I would like to convert an input (like a file, or a password) into
binary format. After reading my Ruby in a nutshell book, I belive I can
use this method:
unpack('C*')

This will give you an array of integer byte values. I am not sure where
there you see the binary format. What exactly do you want to achieve?
So according the documentation, this is great for unsigned chars. But do
the binary representation will respect the big endian convention?

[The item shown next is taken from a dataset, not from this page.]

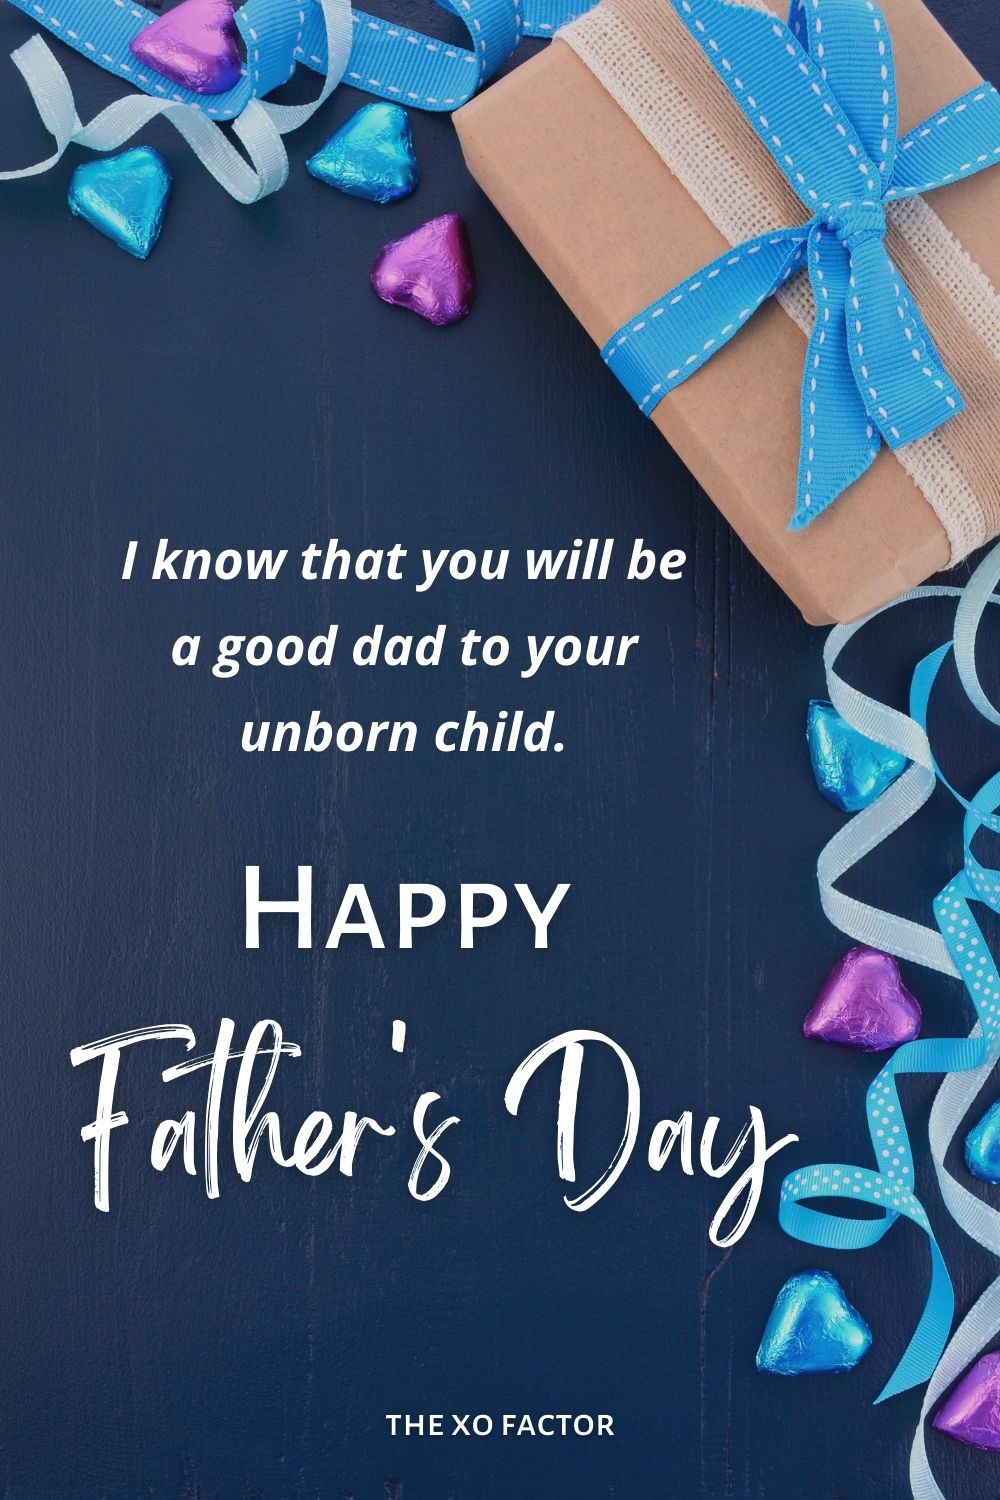 Happy Father's Day, I know that you will be a good dad to your unborn child.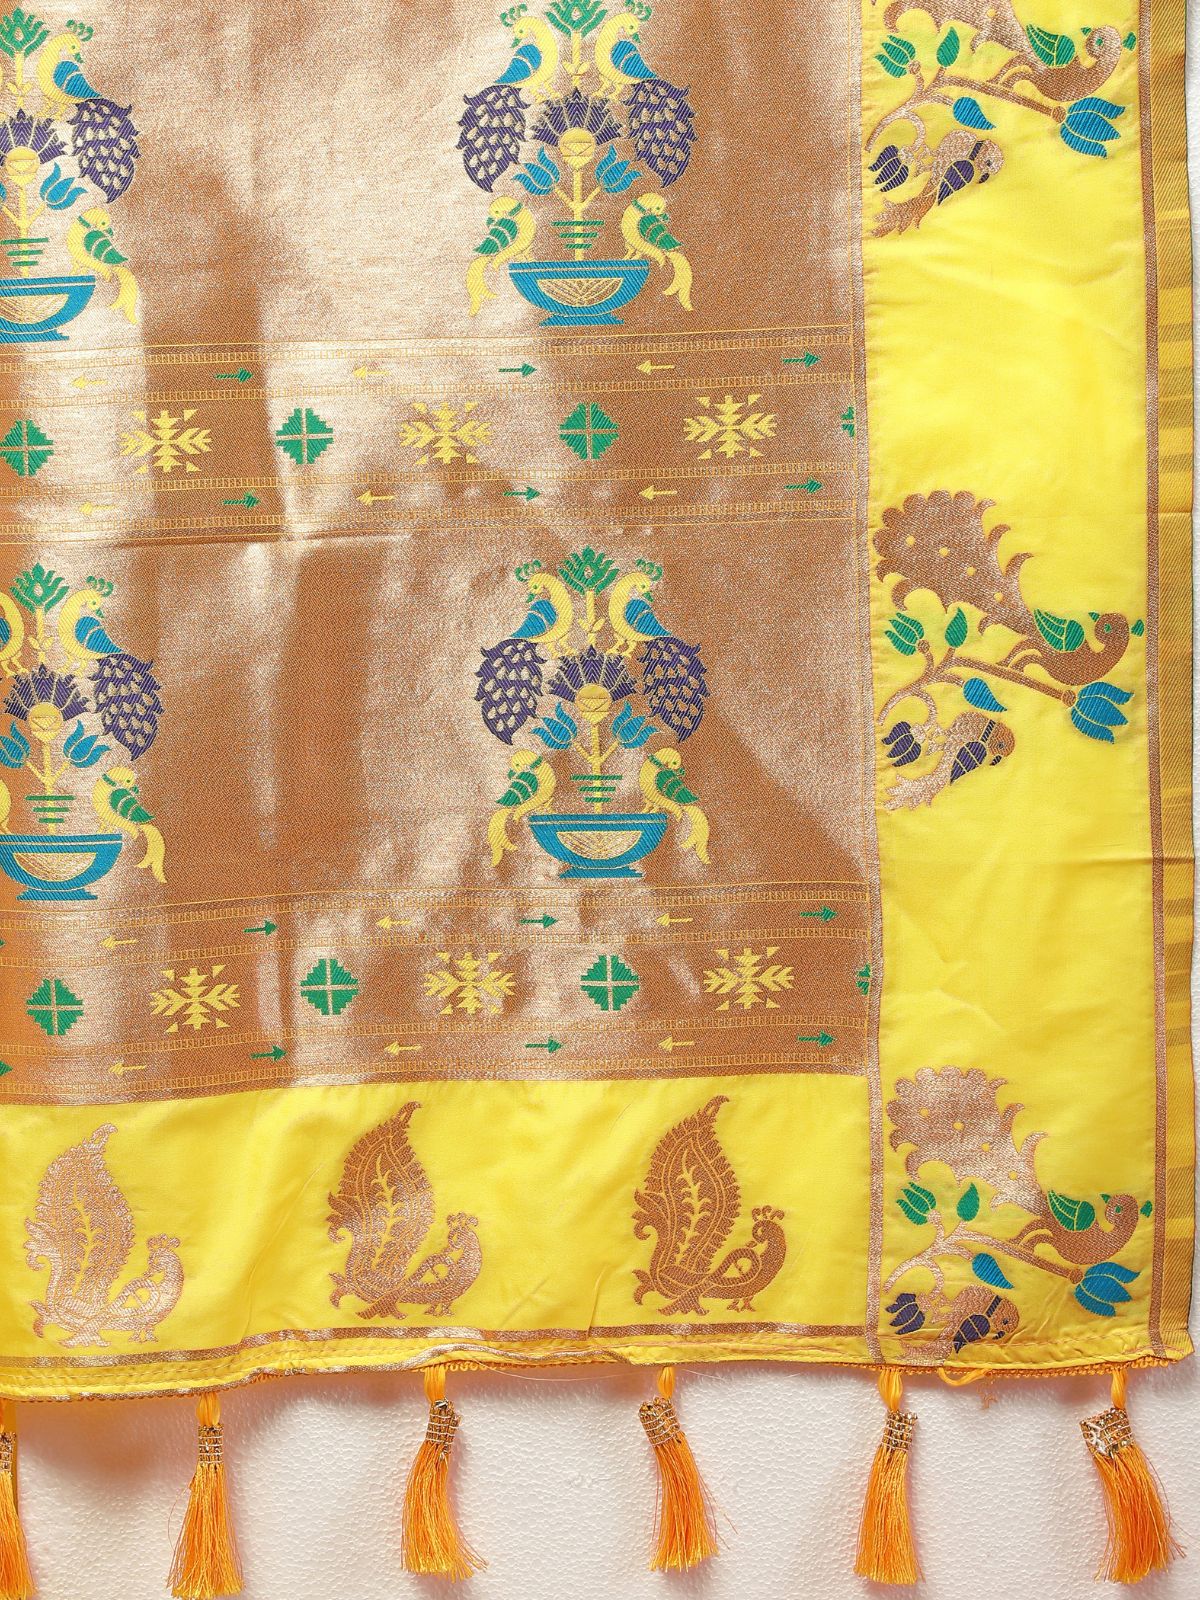 Odette Yellow Pathani Silk Woven Saree with Unstitched Blouse for Women

What exactly do you mean by this? Are you referring to bits inside a
byte or to the ordering of multiple bytes? If the latter, there is no
point in talking about big or little endian when encoding byte wise
because there are not multiple bytes belonging together. If the former,
I am not sure whether there is any platform that reverses bits but it
could be possible. OTOH, how would you notice?

Kind regards

robert
 
Z

Zangief Ief

Thanks you for you answer.
Actually I would like to rewrite the SHA1 algorithm
(http://en.wikipedia.org/wiki/SHA_hash_functions#SHA-1_pseudocode) in a
pure ruby implementation. And in this way, I would need the ability to
accomplish the "Pre-processing" step by converting the input as a 64-bit
big-endian integer. I believe that's could be more simple to do in Ruby
then in an other language such as in C. But I am not really sure about
the way to do so.
 
B

Brian Candler

Zangief said:
Thanks you for you answer.
Actually I would like to rewrite the SHA1 algorithm
(http://en.wikipedia.org/wiki/SHA_hash_functions#SHA-1_pseudocode) in a
pure ruby implementation. And in this way, I would need the ability to
accomplish the "Pre-processing" step by converting the input as a 64-bit
big-endian integer. I believe that's could be more simple to do in Ruby
then in an other language such as in C. But I am not really sure about
the way to do so.

ri String#unpack

Unfortunately, the q/Q conversion character seems to use native ordering
and I don't think there's a network-order equivalent:

irb(main):002:0> "\000\000\000\000\000\000\000\001".unpack("Q")
=> [72057594037927936]

If all you're concerned about is this step:

"append length of message (before pre-processing), in bits, as 64-bit
big-endian integer"

then you could do it by converting to hex first:

buff << [("%016X" % len)].pack("H*")

BTW, I presume you're doing this as an academic exercise. After all,
there's already:

require 'digest/sha1'
puts Digest::SHA1.hexdigest("hello world")

HTH,

Brian.
 
R

Robert Klemme

Zangief said:
Thanks you for you answer.
Actually I would like to rewrite the SHA1 algorithm
(http://en.wikipedia.org/wiki/SHA_hash_functions#SHA-1_pseudocode) in a
pure ruby implementation. And in this way, I would need the ability to
accomplish the "Pre-processing" step by converting the input as a 64-bit
big-endian integer. I believe that's could be more simple to do in Ruby
then in an other language such as in C. But I am not really sure about
the way to do so.

ri String#unpack

Unfortunately, the q/Q conversion character seems to use native ordering
and I don't think there's a network-order equivalent:

irb(main):002:0> "\000\000\000\000\000\000\000\001".unpack("Q")
=> [72057594037927936]

If all you're concerned about is this step:

"append length of message (before pre-processing), in bits, as 64-bit
big-endian integer"

then you could do it by converting to hex first:

buff << [("%016X" % len)].pack("H*")

Or use "N" and combine, e.g.

irb(main):007:0> s = "\000\000\000\000\000\000\000\001"
=> "\000\000\000\000\000\000\000\001"
irb(main):008:0> r=[];s.unpack("N*").each_slice(2) {|hi,lo| r << (hi <<
32 | lo)}; r
=> [1]

Kind regards

robert
 
Z

Zangief Ief

Thank you all for your help.

So if I have well understood, is that correct if I use unpack('N*') like
this?
=> "1001011110100010100001010001010100101100001110000101010101100111"
 
B

Brian Candler

Zangief said:
So if I have well understood, is that correct if I use unpack('N*') like
this?

=> "1001011110100010100001010001010100101100001110000101010101100111"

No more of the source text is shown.